In our mission to address glaucoma comprehensively, we decided to provide an even more effective treatment for the disease. Inspired by existing treatments using the nitric-oxide (NO) signaling pathway to target the trabecular meshwork and reduce intraocular pressure^[1], we came up with a novel treatment based on gaseous nitric oxide. However, since NO has a short half-life of 400 seconds [reference please], we are unable to use the gaseous form NO directly in our treatment.

Literature research stated that the increase in patients’ IOP will result in the deformation of cornea, further leading to a structural change in contact lens[1]. We utilized this phenomenon to design a pair of contact lenses that structurally change in response to fluctuations in intraocular pressure.

Our contact lens will be fitted with a tubular semipermeable chamber that is filled with our engineered bacteria, IPTG, NO precursor - L-arginine, and DAP. The volume change of the chamber will cause water to flow out thus increasing the IPTG concentration inside the chamber. The increase in IPTG will induce the bacteria to produce more Nitric Oxide Synthase, which can then convert L-arginine into nitric oxide to lower the intraocular pressure (IOP). This structural change is then able to induce dynamic drug delivery.

To prove the concept of our contact lens and our device, we designed an IOP simulation experiment with porcine eye.By changing the drip bag’s height, water pressure will directly increase IOP in the porcine eye, enabling precise control of IOP for experiments[2][3].

For more details, please visit proof of concept and hardware.

In order for our bacteria to reduce intraocular pressure, we planned to engineer our bacteria to have the ability to produce Nitric Oxide Synthase (NOS) [3], an enzyme that can convert L-arginine into NO.

For biosafety, we engineered our bacteria to overexpress csgD and csgA for securing bacteria onto the contact lens by increasing binding affinity between bacteria and lens.

During literature research, we found out that Bacillus subtilis carries Nitric Oxide Synthases and has the ability to produce NO. So we cloned Bacillus subtilis' NOS gene under the control of an inducible promoter, pLacI, into a plasmid and transformed it into E. coli.

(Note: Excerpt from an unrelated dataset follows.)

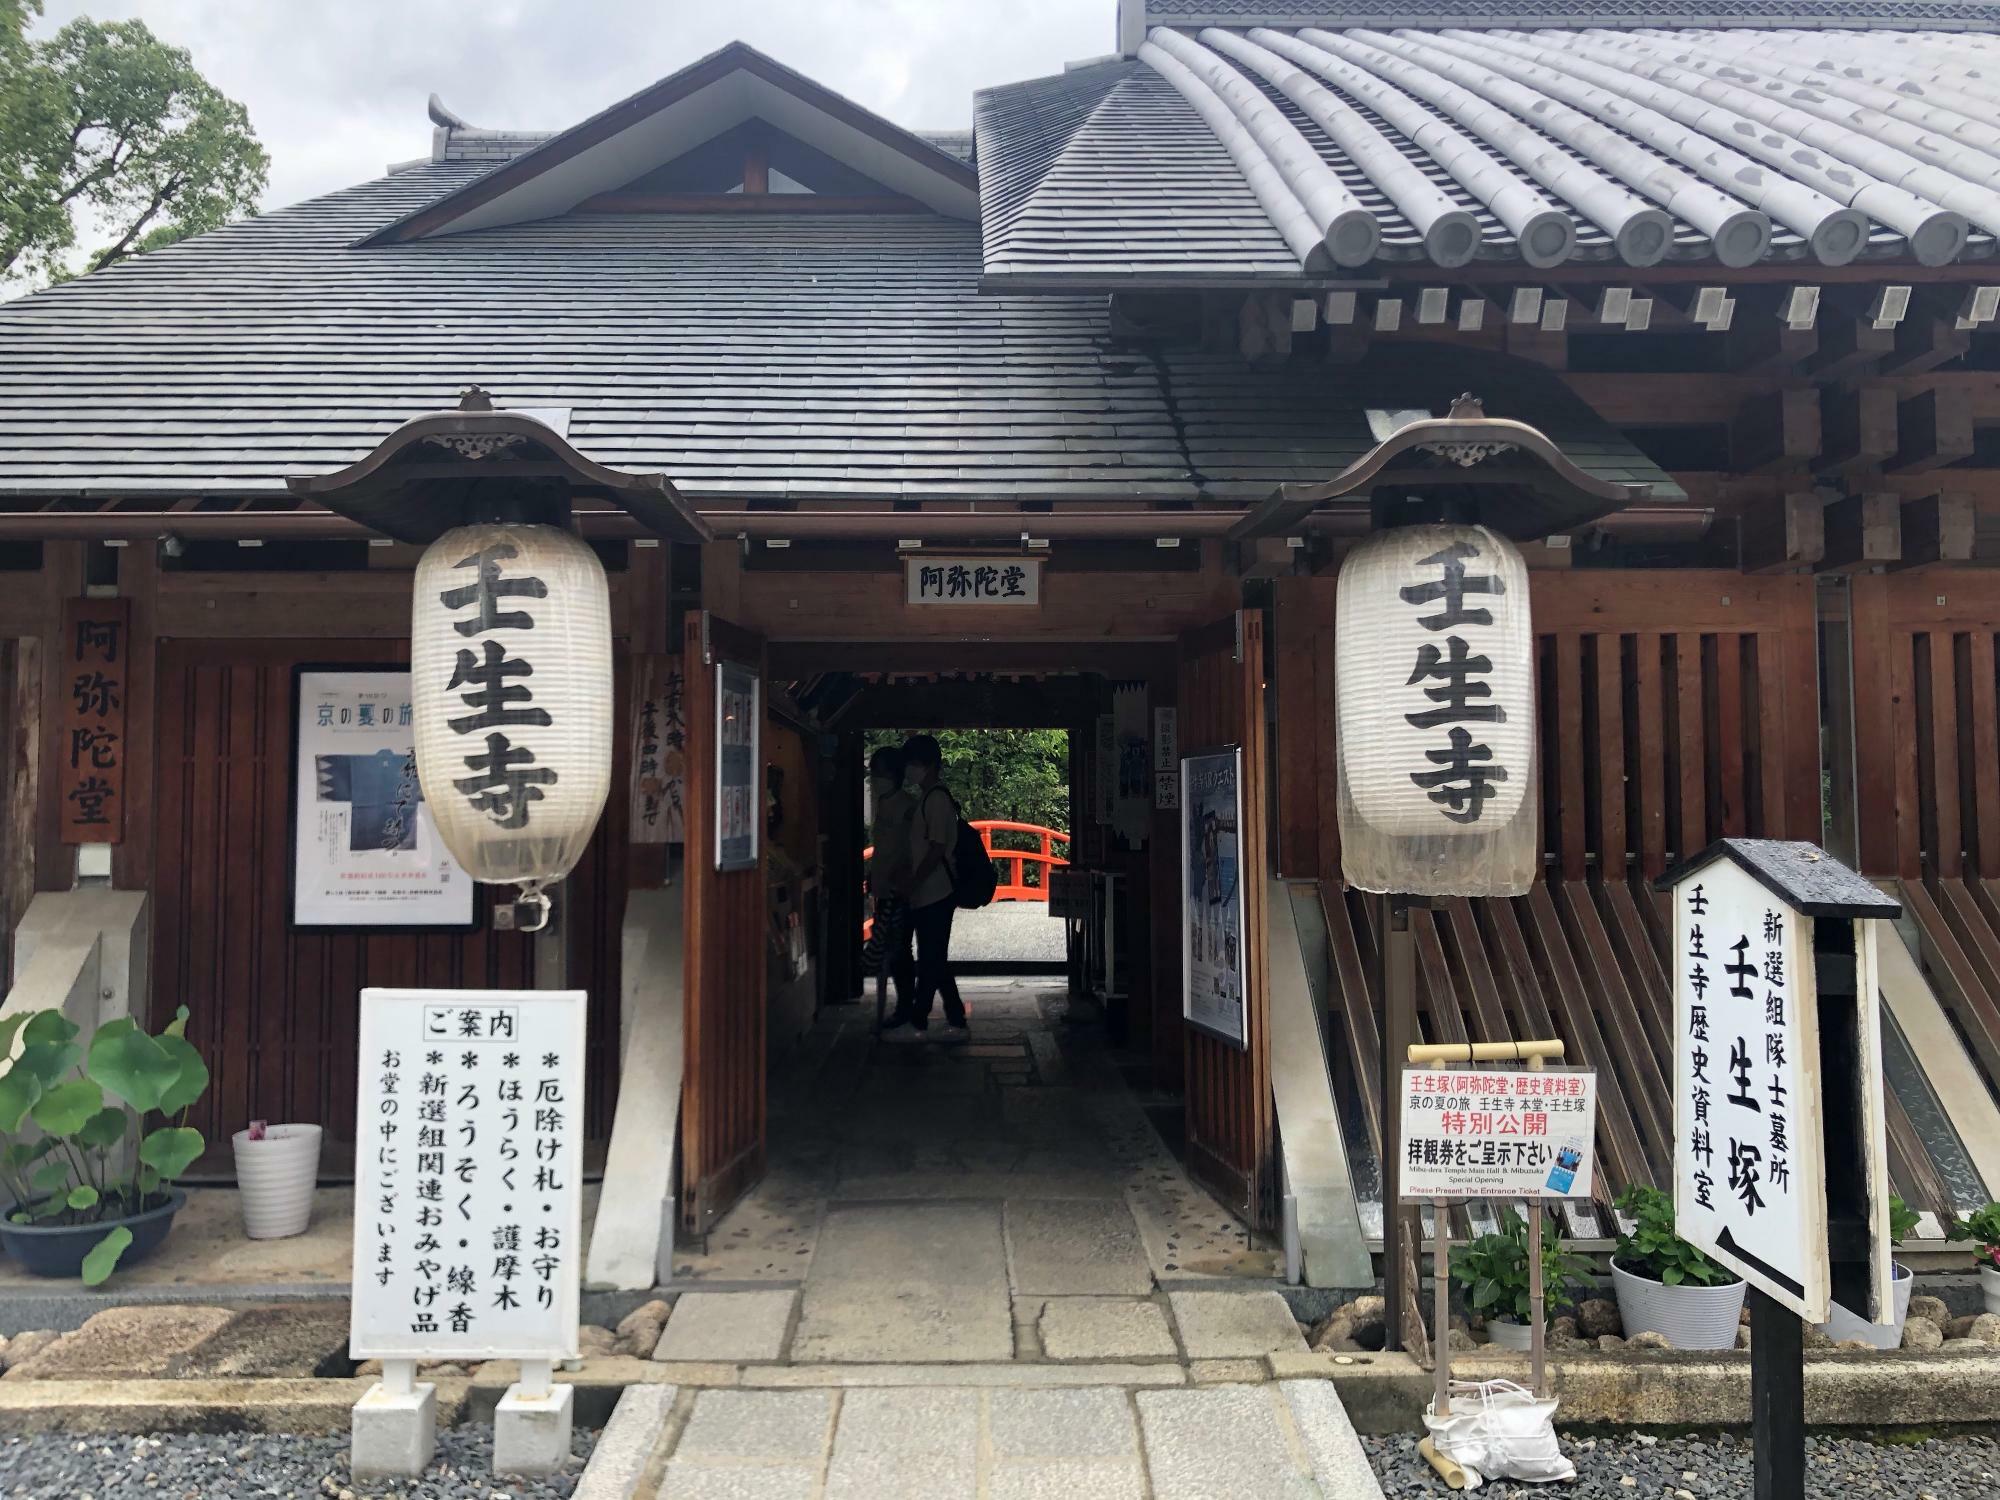 阿弥陀堂。この奥に壬生塚、地階に壬生寺歴史資料室があります

In order to induce our target gene, NOS, with IPTG, we put a LacI and T7 promoter in front of NOS and LacO after it. We chose WM3064 as our bacteria strand strain because it contains T7 RNA polymerase.

We tested the kinetics of the enzyme using a NOS assay kit, which utilizes Griess reagents to react with NO and generate colormertic readouts by measuring O.D.540 value. For the purpose of controlling the production of NOS, we induce bacteria with different concentrations of IPTG and induce them for different times.

We chose E. coli WM3064 as our chassis, which lacks the essential gene dapA. This gene encodes for 4-hydroxy-tetrahydrodipicolinate synthase that is critical to the production of lysine through the DAP pathway.[4] Lysine is an essential amino acid in animals, including humans, but can be synthesised de novo in bacteria, lower eukaryotes and plants for utilisation in protein and peptidoglycan cell wall synthesis.[5] Without this gene, the bacteria will have to depend on exogenous diaminopimelate (DAP) to survive.

However, in our design, the expression of nos is controlled by the T7-lacI promoter which requires T7 RNA polymerase, which WM3064 doesn't have. Therefore, we transformed a plasmid carrying T7 RNA polymerase into WM3064 to meet our purpose.